We keep praying that our illusions will fall away. God erodes them from many sides, hoping they will fall. But we often remain trapped in what we call normalcy—“the way things are.” Life then revolves around problem-solving, fixing, explaining, and taking sides with winners and losers. It can be a pretty circular and even nonsensical existence.

Ons ken almal daardie plek, daardie soort lewe, die “normale” lewe van geld en sport en grootste huis, grootste kar, geweld en oorlog en afguns en nyd en plesier en seks … en een dag per week kerk toe gaan.

To get out of this repetitive cycle, we have to allow ourselves to be drawn into sacred space, into liminality. All transformation takes place here. There alone is our old world left behind, though we’re not yet sure of the new existence. That’s a good space where genuine newness can begin. We must get there often and stay as long as we can by whatever means possible. It’s the realm where God can best get at us because our false certitudes are finally out of the way. This is the sacred space where the old world is able to fall apart, and a bigger world is revealed. If we don’t encounter liminal space in our lives, we start idealizing normalcy. The threshold is God’s waiting room. Here we are taught openness and patience as we come to expect an appointment with the Divine Doctor.

Maar dit, die plek waar die ou wêreld en ons sekerhede wegval, is ‘n skrikwekkende plek. Dit voel (en die kerk vertel ons selfs) dat God nie daar is nie.

I believe that religion’s unique and necessary function is to lead us into liminal space. Instead, religion has largely become a confirmation of the status quo and business as usual. Religion should lead us into sacred space where deconstruction of the old “normal” can occur. Much of my criticism of religion comes about when I see it not only affirming the system of normalcy but teaching folks how to live there comfortably. [1]

Want buite my kerk en my heilige geskrifte en my kultuur is die duiwel!

Culturally, we don’t want to embrace liminal space or recognize our natural egocentricity. In fact, we avoid trying to experience it at all.
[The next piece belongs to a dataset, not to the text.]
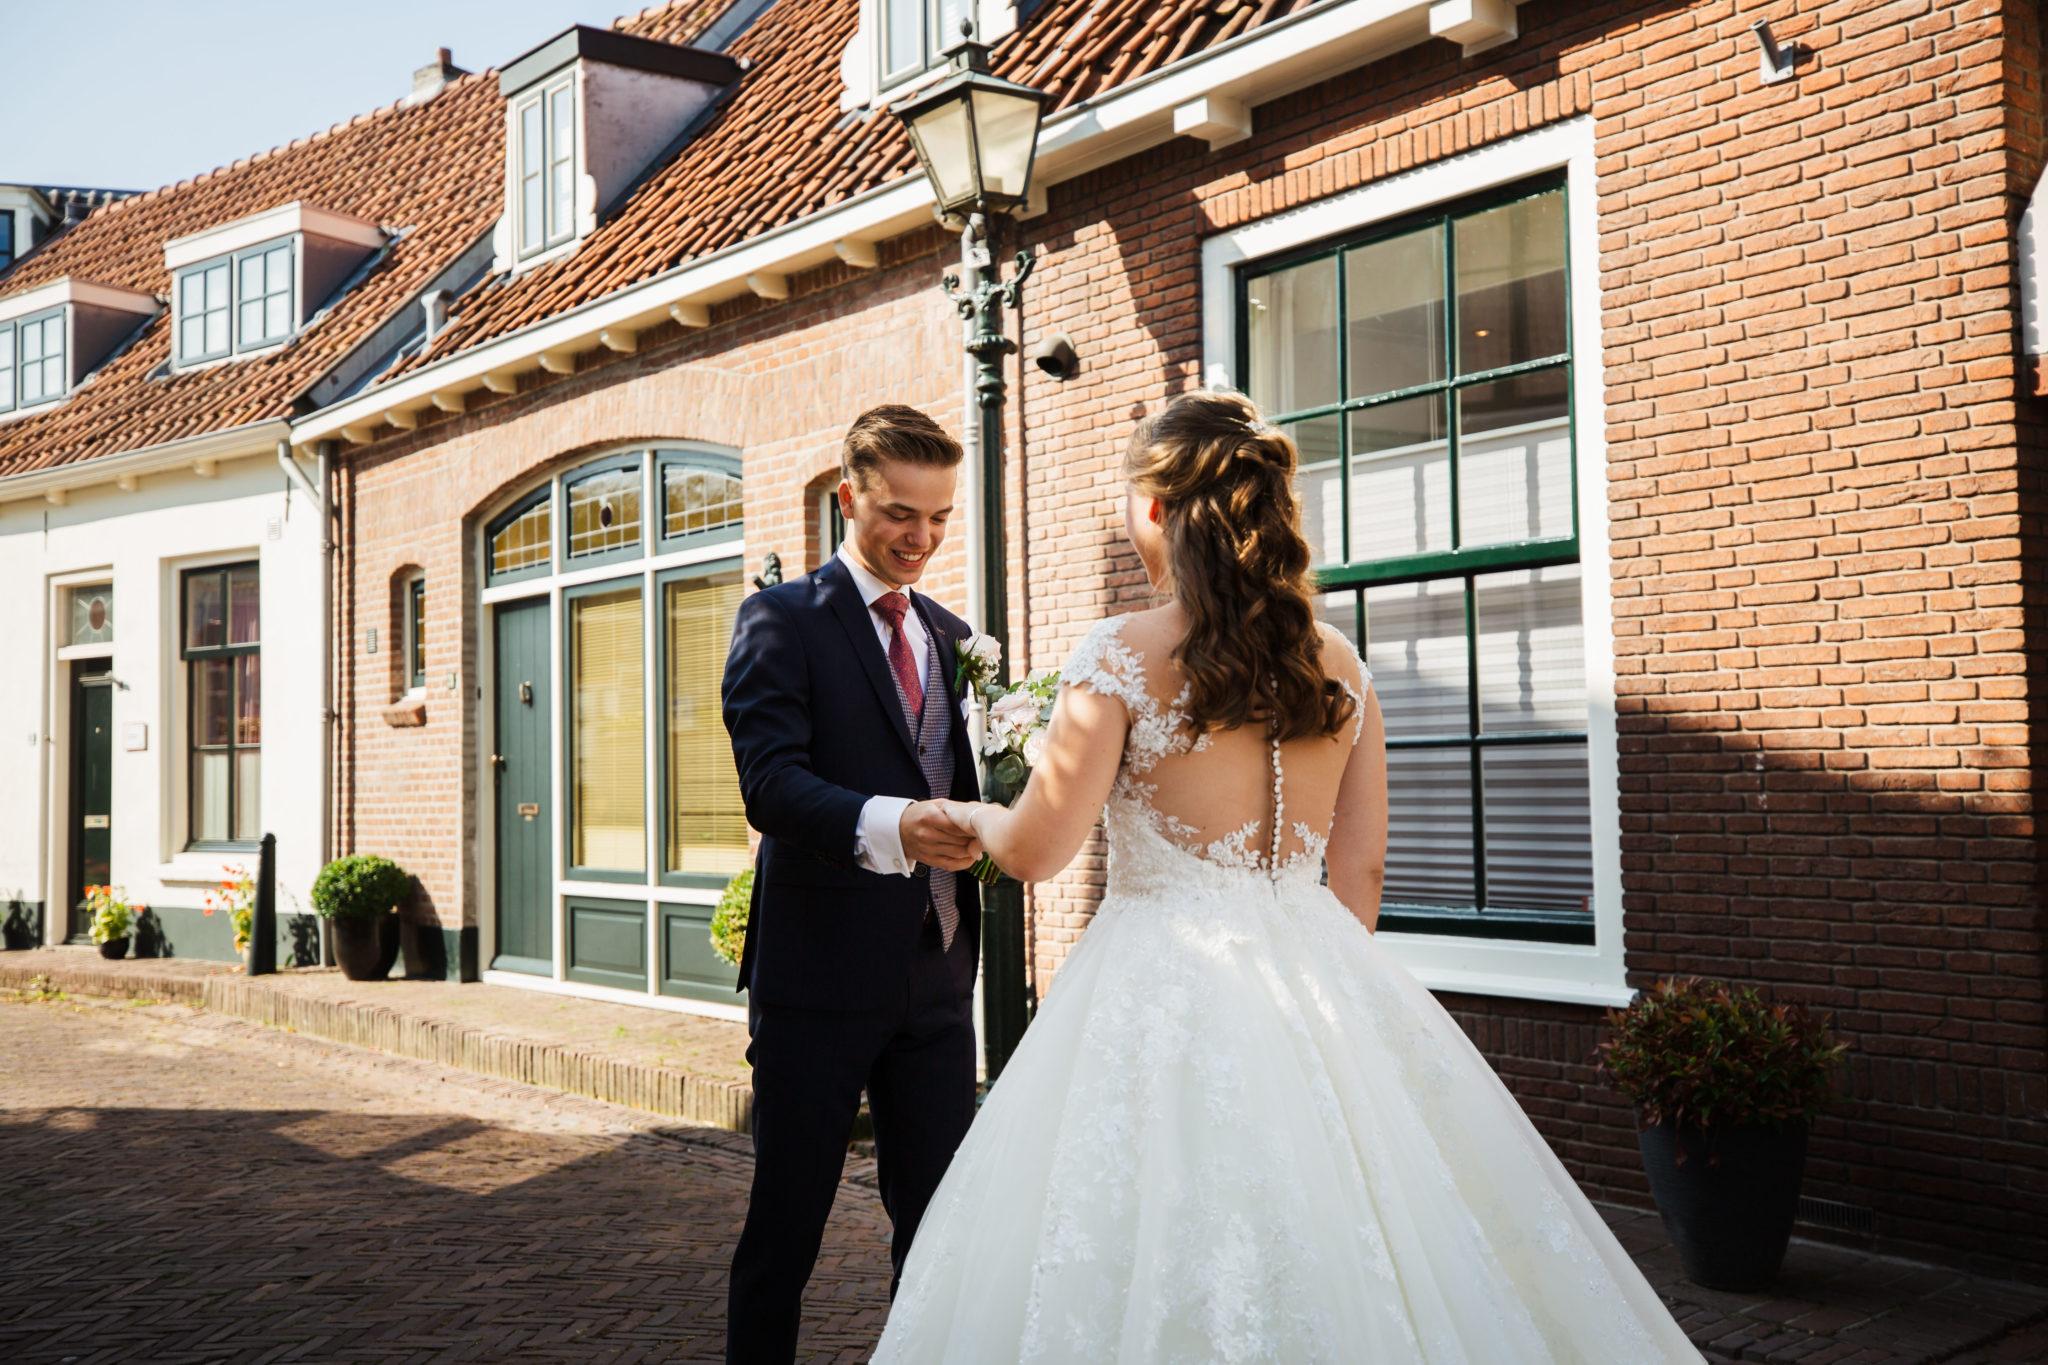 First Look trouwen wijk bij duurstede

We shut away people who are ill and dying in hospitals and nursing homes, rather than allowing them to spend their final days at home, surrounded by loved ones who will learn and grow by dwelling together in the liminal space between life and death. We avoid other times of liminality in our lives through denial, escaping with the help of alcohol, sugar, and drugs to avoid truly experiencing the opportunities of liminal space. Yet the irony is that liminal space doesn’t have to be difficult. While it can be challenging, it can also be extremely rewarding. I discover there is another Center, and it’s not me!

Liminal space relativizes our perspective. When we embrace liminality, we choose hope over sleepwalking, denial, or despair. The world around us becomes again an enchanted universe, something we intuitively understood when we were young and somehow lost touch with as we grew older. [2]

Ander gelowe soos die Judaïsme (Kabbalisme), Islam (Sufisme) en Buddhisme (Trantrisme) moedig mense, (in meeste gevalle geselekteerde lede) van die kerk/gemeenskap aan, en lei hulle op om hierdie liminale wêreld te betree en te ondersoek. Dit, vertel al die ou wysheidstradisies deur al die eeue ons nog altyd, is inderdaad die enigste pad na die Lig toe. Die Buddha en die Christus was immers ons wegwysers na hierdie “sacred space, into liminality”

Vader Richard Rohr is ‘n wyse ou Fransiskaan, en net soos Francis van Assisi, nie altyd gewild in sy eie Katolieke kerk nie.

Hierdie artikel kom uit sy “Daily Meditations”, gaan soek hom op by Center for Action and Contemplation meditations@cac.org (hy is op FB ook). Baie mense lees die meditasies elke dag en vind inspirasie vir die dag wat voor lê.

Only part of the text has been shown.